On the Analysis of Non-euclidean data: Sparsification, Classification and Generation
Ye, Yang
Citations
Abstract
In light of the groundbreaking achievements of convolutional neural networks (CNNs) in 2D image processing, there has been a pronounced interest in adapting these methods to non-Euclidean data, such as graphs and 3D geometric data. Point clouds, in particular, present unique challenges as they are sparse, unordered, and locality-sensitive, making the adaptation of CNNs to point cloud processing a non-trivial task. Similar challenges are encountered in the context of graph data. Consequently, the exploration of extending successful neural processing paradigms from 2D images to these non-Euclidean domains has emerged as a vibrant and dynamic research area.
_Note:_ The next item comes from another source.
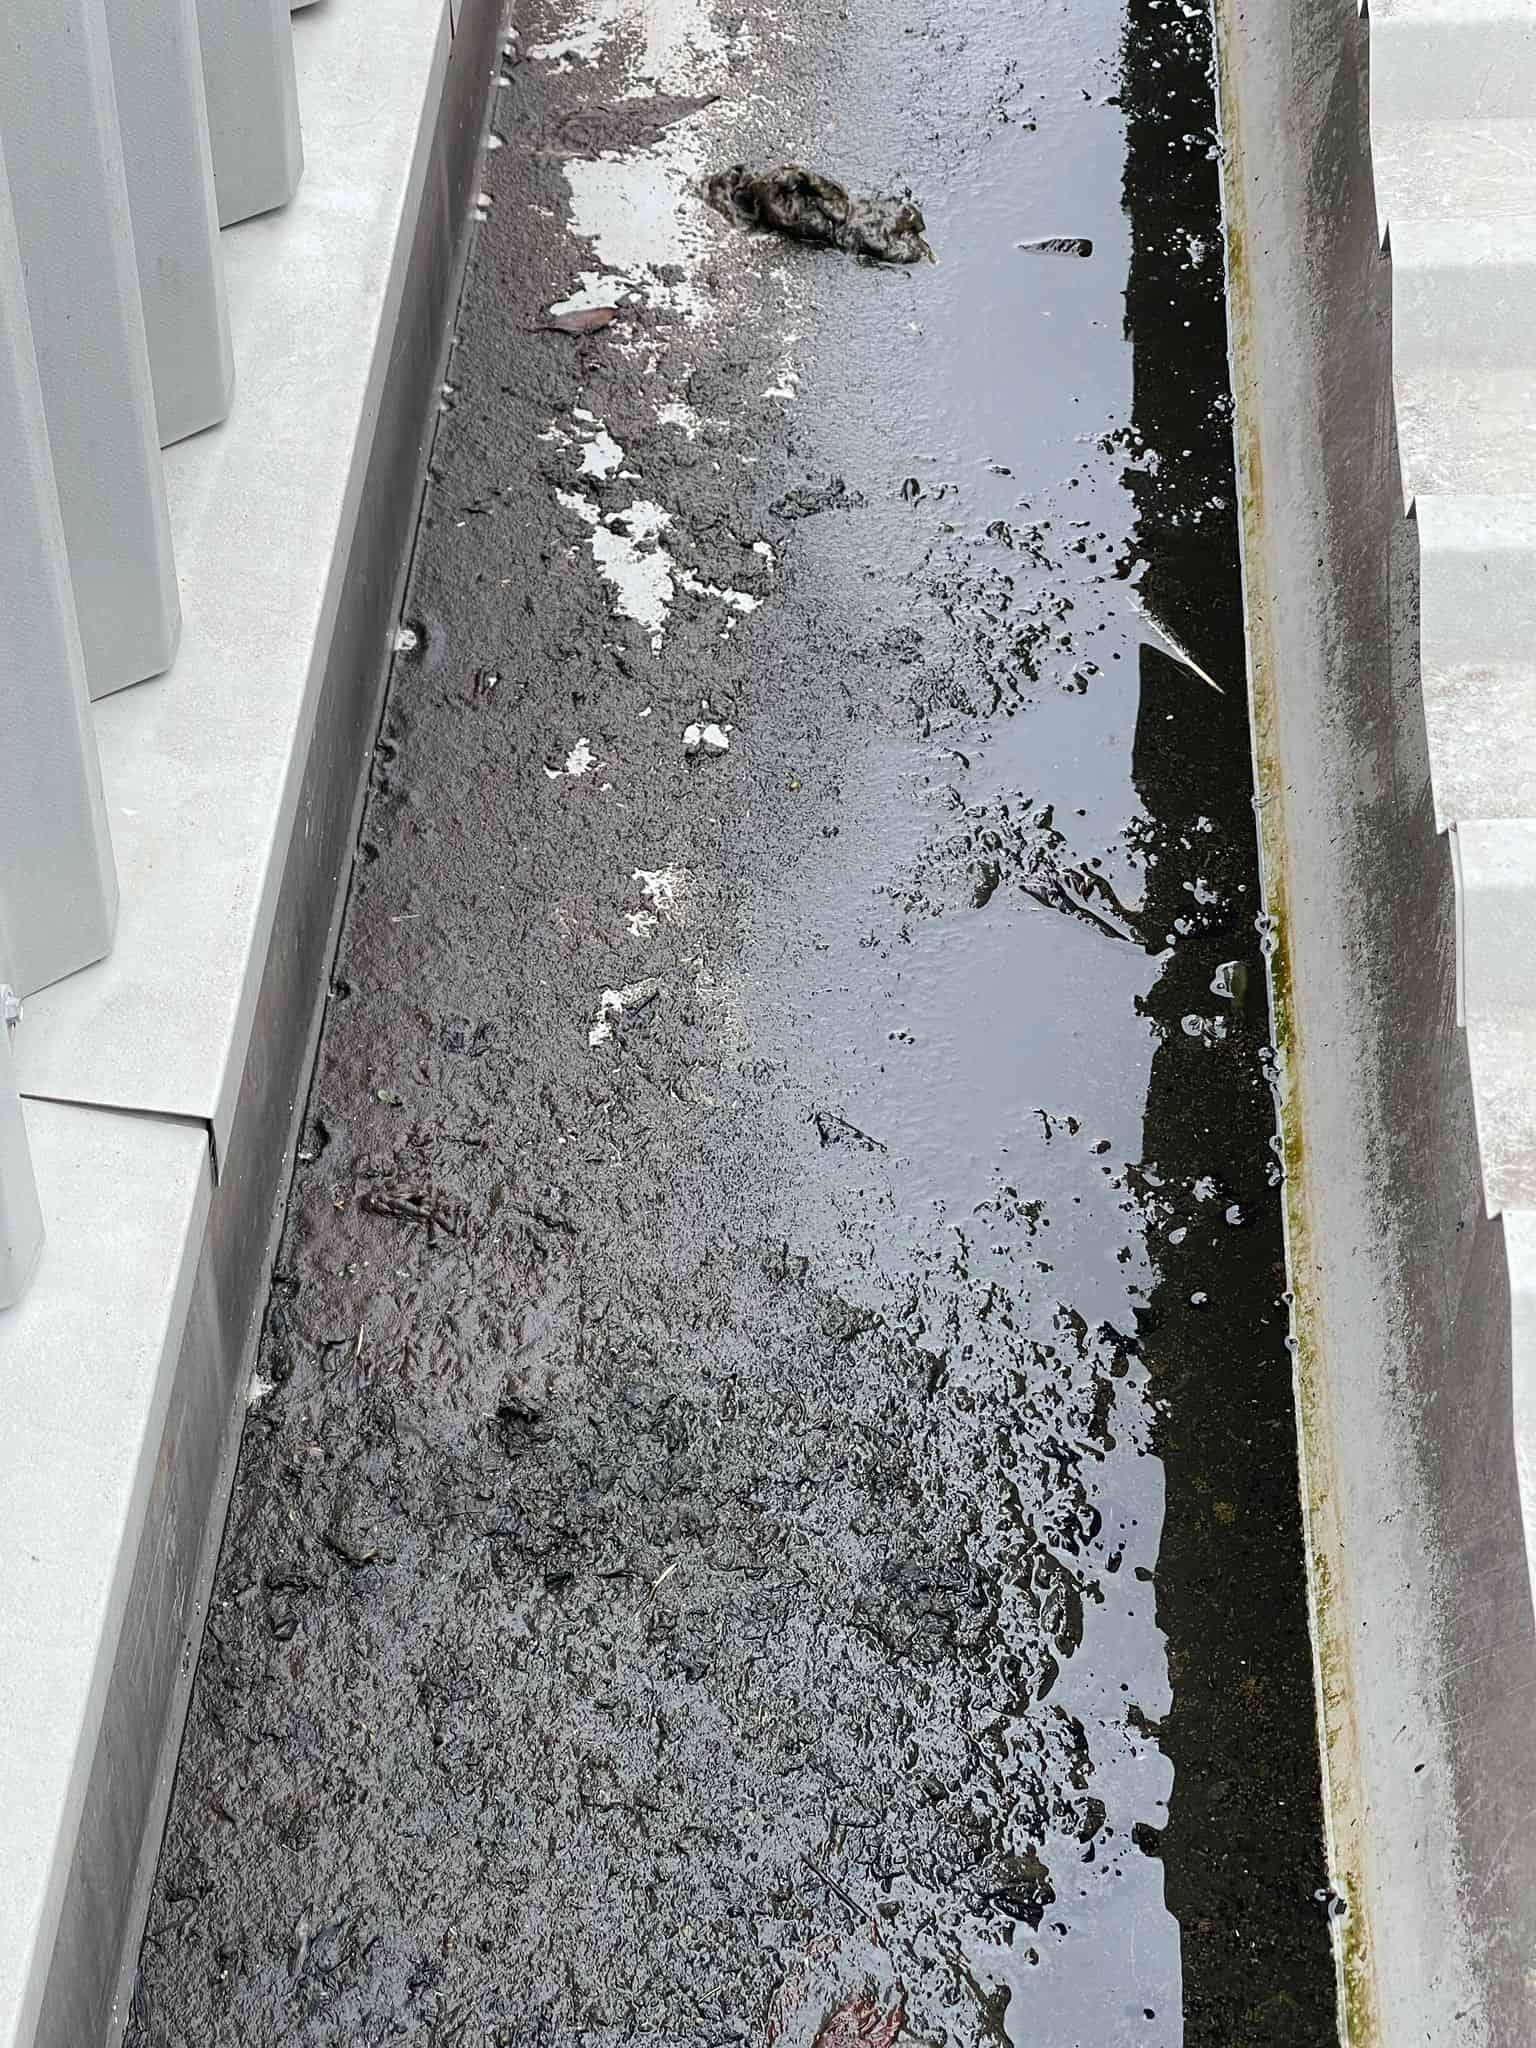 DSW Gutter Cleaning London

This thesis focuses on advancing graph neural networks (GNNs) and analyzing 3D point clouds, emphasizing sparsification, classification and generation. For graph neural networks, a significant contribution is the introduction of Sparse Graph Attention Networks (SGAT), integrating a sparse attention mechanism into graph attention networks (GATs) through $L_0$-norm regularization. SGAT excels in edge removal (50\%-80\% on large graphs), enhancing interpretability without compromising performance on assortative graphs and improving it on disassortative graphs. In 3D point cloud analysis, an autoregressive approach, APSNet, formulates task-oriented point cloud sampling as a sequential generation process, and develops an attention-based point cloud sampling network that optimally samples 8 points out of 1024, tailoring the process for tasks like 3D point cloud classification, reconstruction, and registration. Extending into a non-autoregressive method, PTSNet, a point transformer, utilizes a transformer-based dynamic query generator. This innovation enables PTSNet to capture long-range correlations, mitigating issues like gradient vanishing and reducing duplicate samples compared to LSTM-based methods. Lastly, the thesis proposes GDPNet, first hybrid Generative and Discriminative PointNet, extending the Joint Energy-based Model (JEM) for point cloud generation and classification. GDPNet retains strong discriminative power of modern PointNet classifiers, while generating point cloud samples rivaling state-of-the-art generative approaches.